Les circonstances particulières de cette catastrophe en augmentent le caractère dramatique puisqu’il ne s’agit plus d’un « accident » mais d’un « dégât collatéral » de la guerre qui secoue l’est de l’Ukraine.

Mais, au fond, il n’y a que deux conclusions à en tirer :

  • la première, c’est qu’il est scandaleux que des compagnies aériennes continuent d’envoyer leurs appareils au-dessus d’une zone de guerre ;
  • seconde, c’est qu’il est urgent que l’on trouve une solution à ce conflit.

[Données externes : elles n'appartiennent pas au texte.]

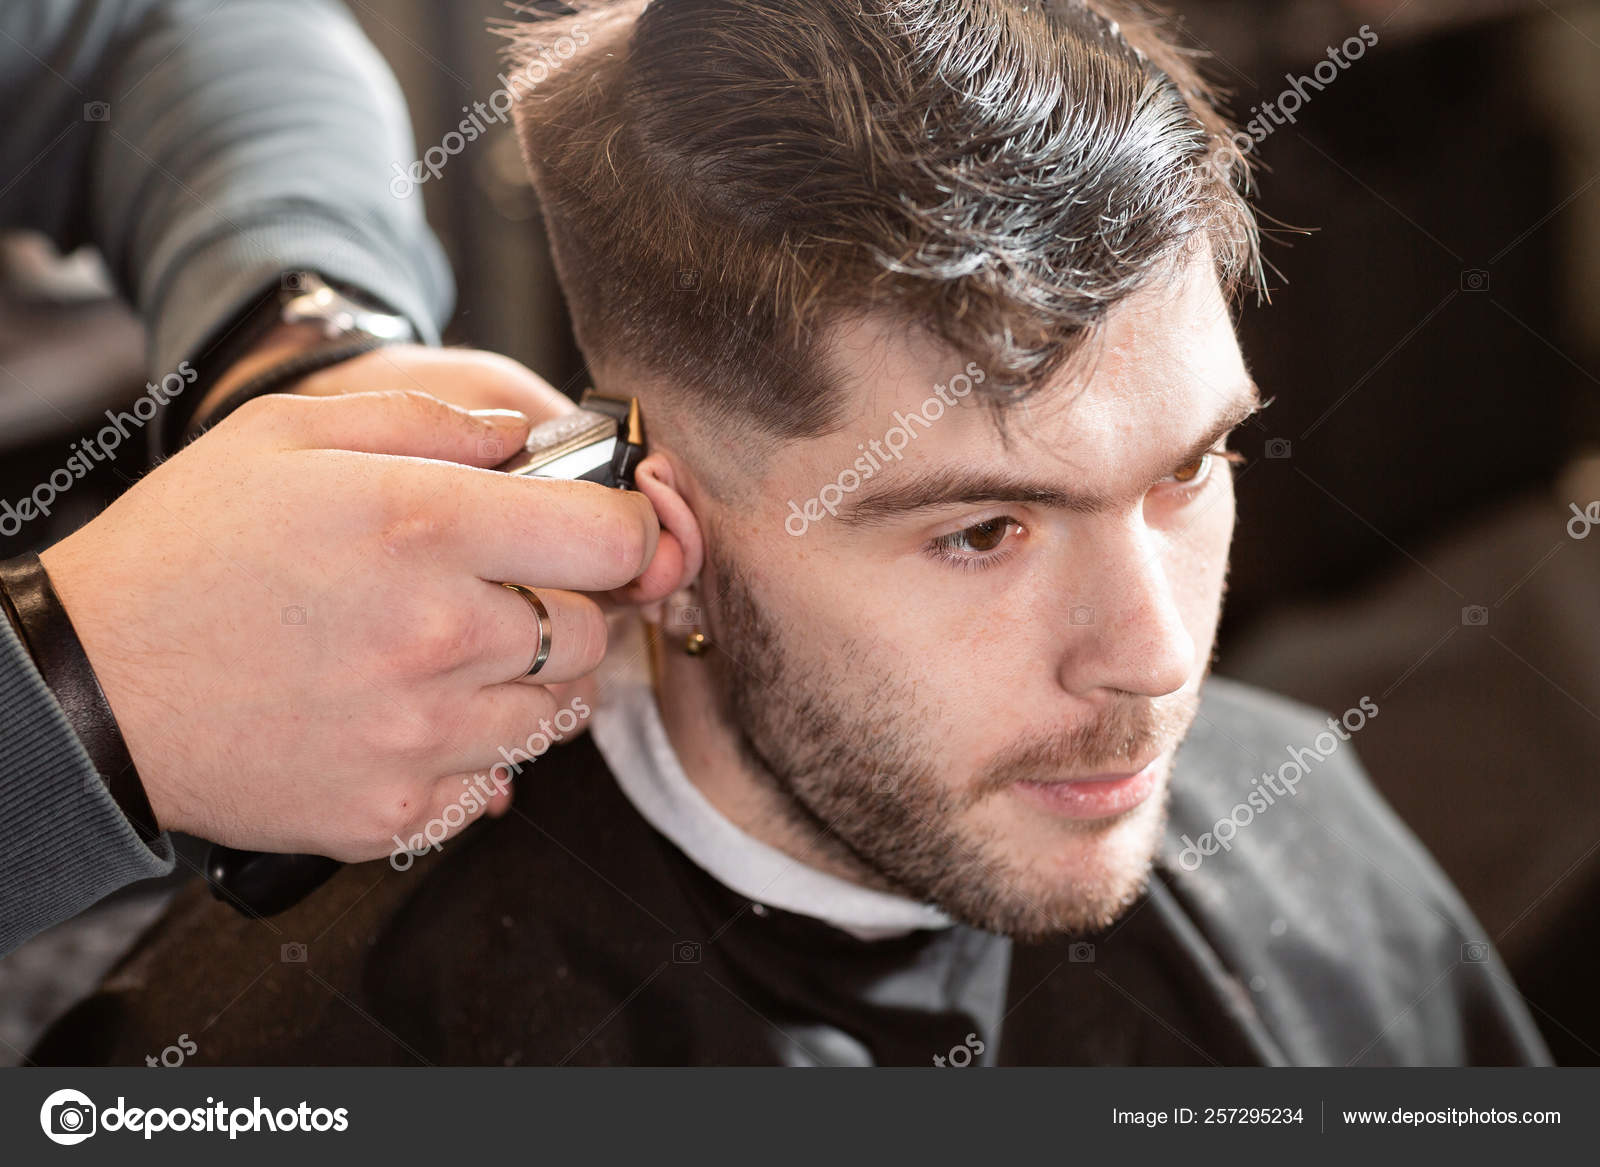 cutting hair with a machine
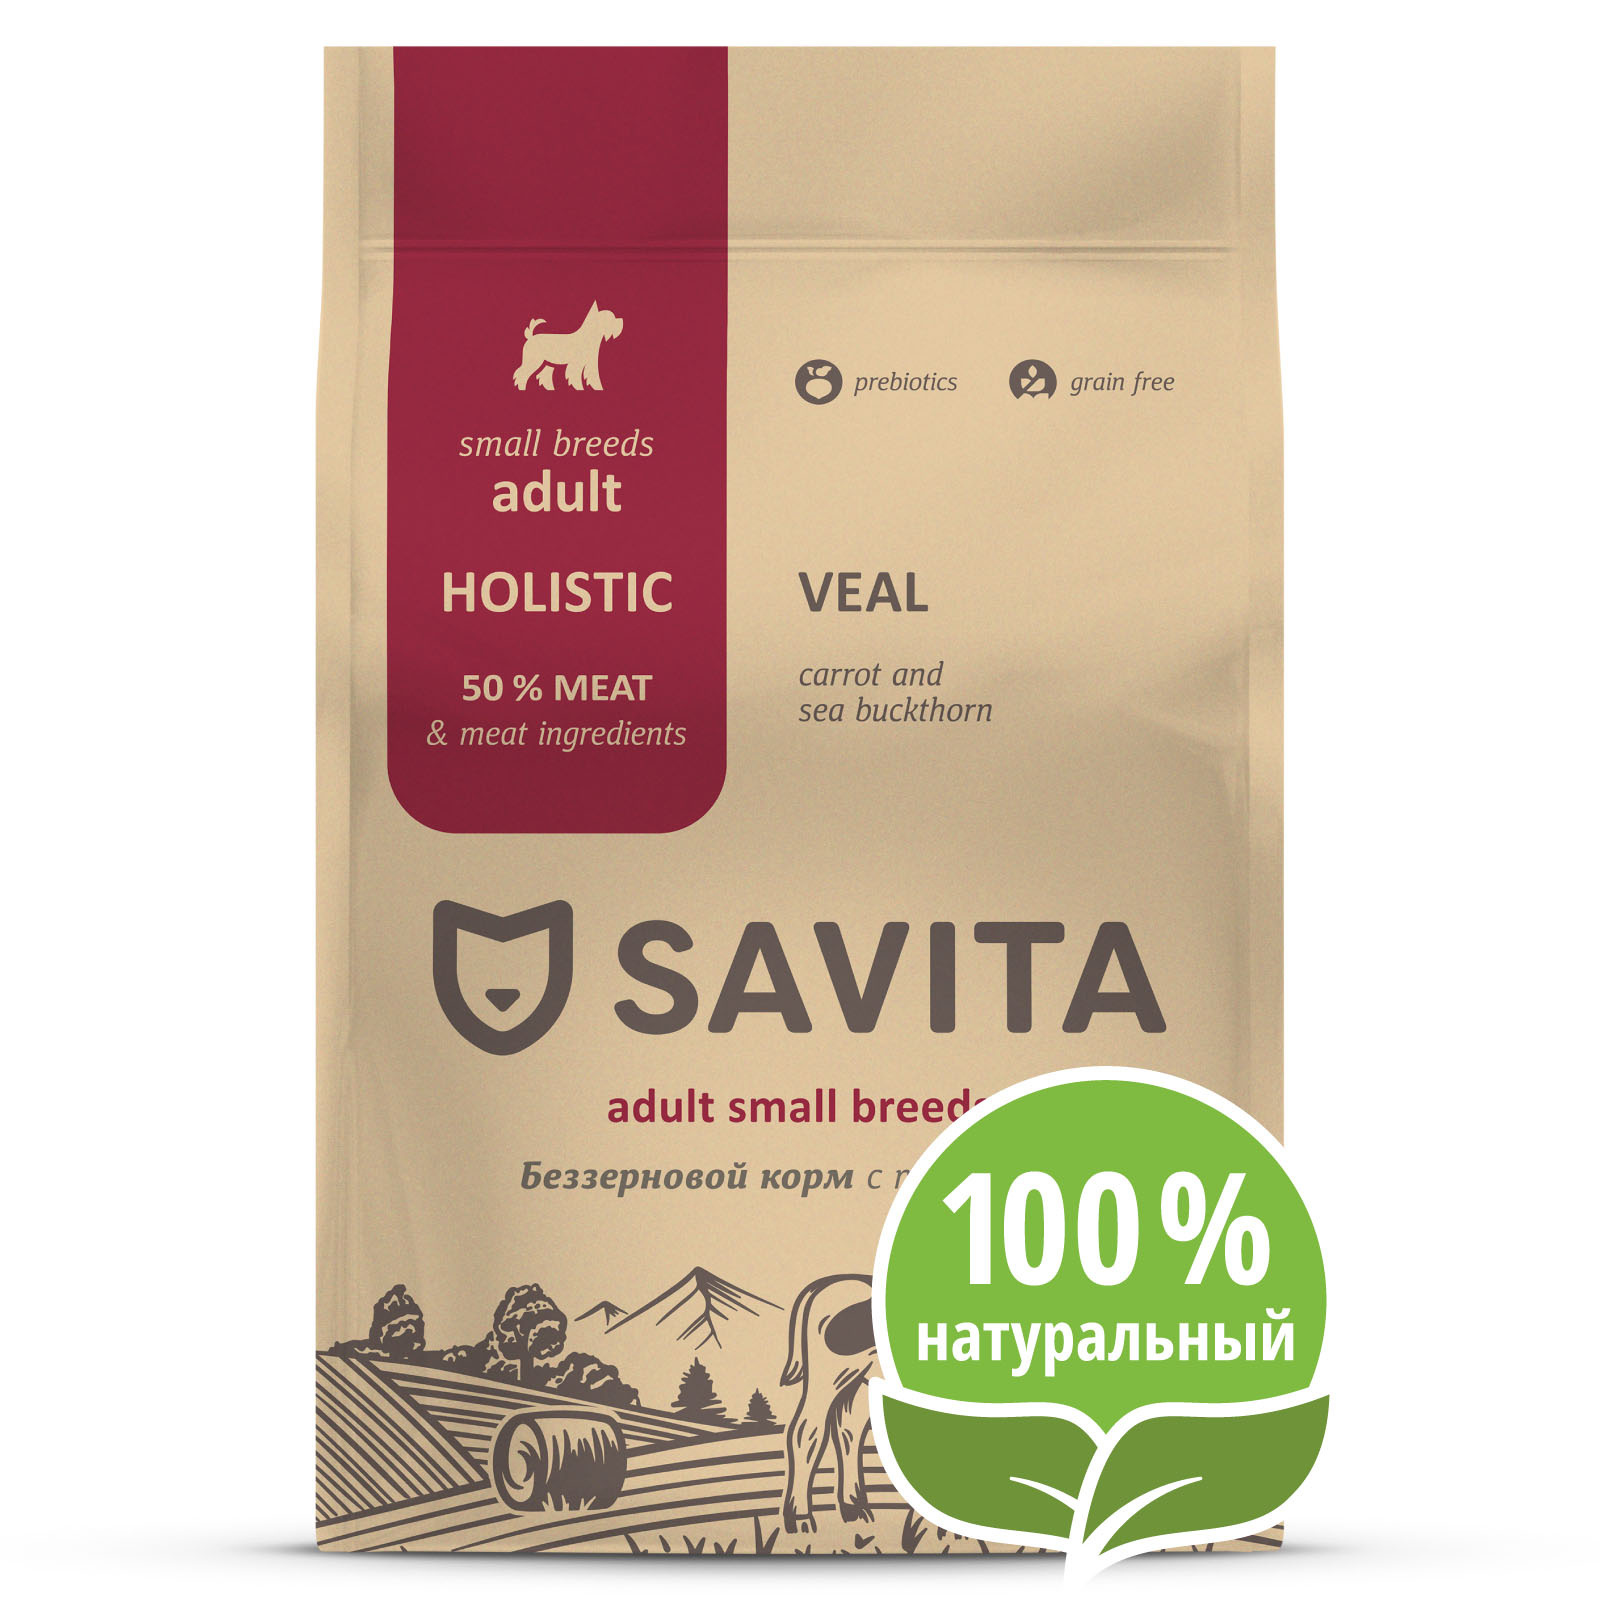 SAVITA беззерновой корм для собак малых пород с телятиной (4 кг) SAVITA беззерновой корм для собак малых пород с телятиной (4 кг) - фото 1

Au contraire, les médias ont centré leur couverture sur l’enquête en se demandant qui a fait le « coup » ? L’intérêt de cette question serait évident si le tir avait visé délibérément un avion civil. Il semble que le missile sol-air soit parti des lignes des rebelles pro-russes, armés par la Russie. Mais, quoi qu’il en soit, il est très improbable que les coupables aient voulu abattre un avion de ligne.

On ne peut pas traiter une affaire qui a lieu dans une zone de guerre comme s’il s’agissait d’un attentat ou d’une catastrophe dont il faudrait chercher les causes techniques ou humaines.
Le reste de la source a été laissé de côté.